How can I obtain a good convolution by keeping the amount of data points the same before and after the convolution? Thanks for your help!
Antworten (2)
David Goodmanson
am 7 Nov. 2017
1 Stimme
Hi Silke,
Yes, this is a direct result of using the 'same' option. If you take a look at the convolution without that option, all 'same' is doing is taking the middle section, between 1/4 and 3/4 of the x axis and throwing away the rest. But some of the rest has needed information.
When you do a convolution of arrays with n1 and n2 points, the result has n1+n2+1 points. Right now you are zerofilling the pulse to give it the same number of points as the exponentials, 4001 points. There is no need to do that. It appears that the pulse has a nonzero extent of about 65 points after interpolation. If you keep an array of that size and convolve it with the exponentials, you will have an array of about 4067 points or so with the same information.
Starting from somewhere in negative time, the exponentials have a sharp rise at t=0 which is real, and then a sharp drop at the end because your time record runs out. The second drop is an artifact. When you do the convolution to get 4067 or whatever points, the part at the beginning is real and the part at the end is not. So if you want the convolution to have the same length as the signal, the best approximation is to take the first 4001 points in the convolution.
3 Kommentare
Silke
am 8 Nov. 2017
Hi David,
Thanks for your help. I am still struggling with the convolution. I have done now this:
[P,I] = max(pulse410(:,1));
t_in = find(t==P);
t_x = t(1:t_in);
pulse410s=spline(pulse410(:,1), pulse410(:,2), t_x);
f1x = conv(a1 * exp(-t/D1) + a2 * exp(-t/D2), pulse410s./max(pulse410s)) ;
But still, I do not get the result.
In the figure, data1 is the bi-exponential decay, data2 is the pulse, and data4 the convoluted signal.
I would not expect the convolution of two signals starting at 1 ending up at ~12. Is my expectation wrong, or is there still something wrong with the code.
Eric
am 8 Nov. 2017
I think you expect the answer to be the continuous convolution of the two functions, namely the one involving integrals and the like. What MATALAB actually does is a discrete convolution, which is essentially the same thing, but effectively drops the integral term dt from the definition. If you want to approximate the continuous convolution, you can multiply MATLAB's discrete convolution by your time step, namely
f1 = conv(....) .* dt
where dt=diff(t(1:2)) or something of the like. As for all estimates, the finer your time step, the closer your value will be to the continuous value.
Silke
am 8 Nov. 2017
Eric
am 7 Nov. 2017
Your convolution looks correct, at least for what you have done, and yes, it is partially because of the 'same' option. The other part of the reason you are seeing the behavior you are is due to your extending the pulse waveform by appending zeros to it.

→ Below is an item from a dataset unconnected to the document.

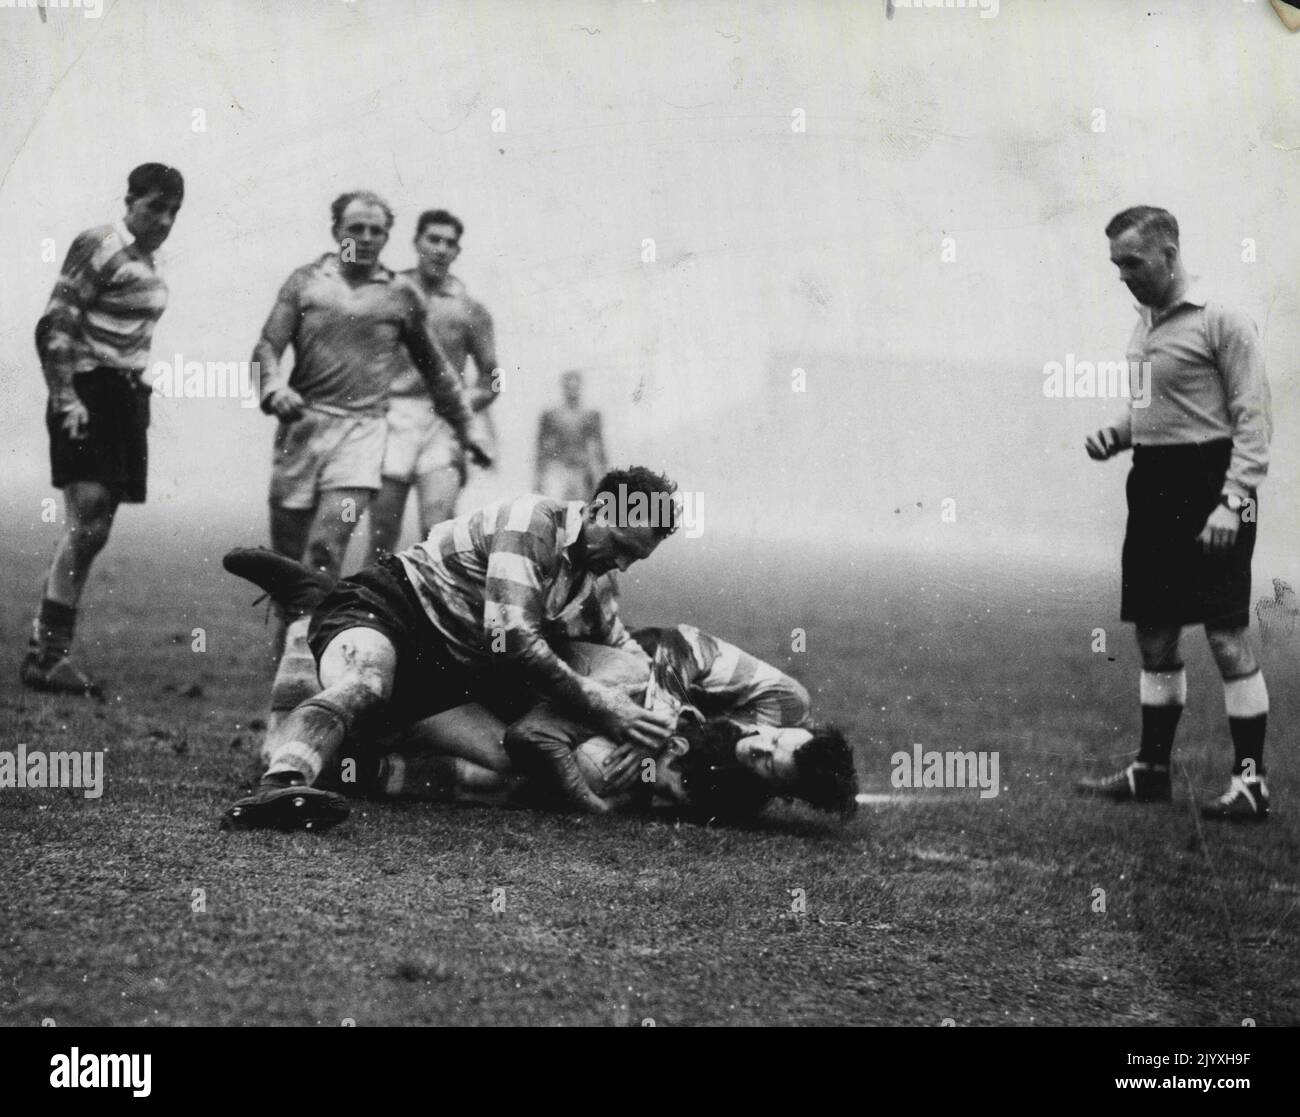 St. Helens v Oldham. Referee Charlie Appleton watches as Keith and Little, Oldham forwards, bring down Karalius, Saints forward. Crash. St. Helens forward Karalius gets no quarter from Oldham forwards Keith and Little in a recent Rugby League match in England. But Karalius made sure he kept possession of the ball. December 24, 1955. Stock Photo

Let us assume I have a pulse that is 10ms long and my decay is simply e^-t. Here are several different ways to use MATLAB's convolution function:
t = 0:0.001:1;
f0 = conv(exp(-t),[ones(10,1)]); %The default, which uses 'full'
f1 = conv(exp(-t),[ones(10,1)],'same'); %Just the pulse, 'same'
f2 = conv([ones(10,1)],exp(-t),'same'); %Just the pulse, 'same' but inputs reversed
f3 = conv(exp(-t),[ones(10,1); zeros(length(t)-10,1)],'same'); %Pulse appended with zeros, 'same'
f4 = conv(exp(-t),[ones(10,1); zeros(length(t)-10,1)]); %Pulse appended with zeros, 'full'
f5 = conv(exp(-t),[ones(10,1)],'valid'); %Just the pulse, 'valid'
What you will find when comparing f1 and f2 to f0, or f3 to f4, is that the argument 'same' basically takes the center n points from the full convolution, where n is the length of the first vector. This is expected and how it is defined in the documentation. Now, when comparing the plots of f0 and f4, you can see that the 'full' result of f4 is also extended by a number of zeros relative to f0. As such, when you call for 'same' using the f4 method, your center points will be different than if you had not appended the zeros (f0). MATLAB will do any zero padding for you internally, so there is no need to do it yourself.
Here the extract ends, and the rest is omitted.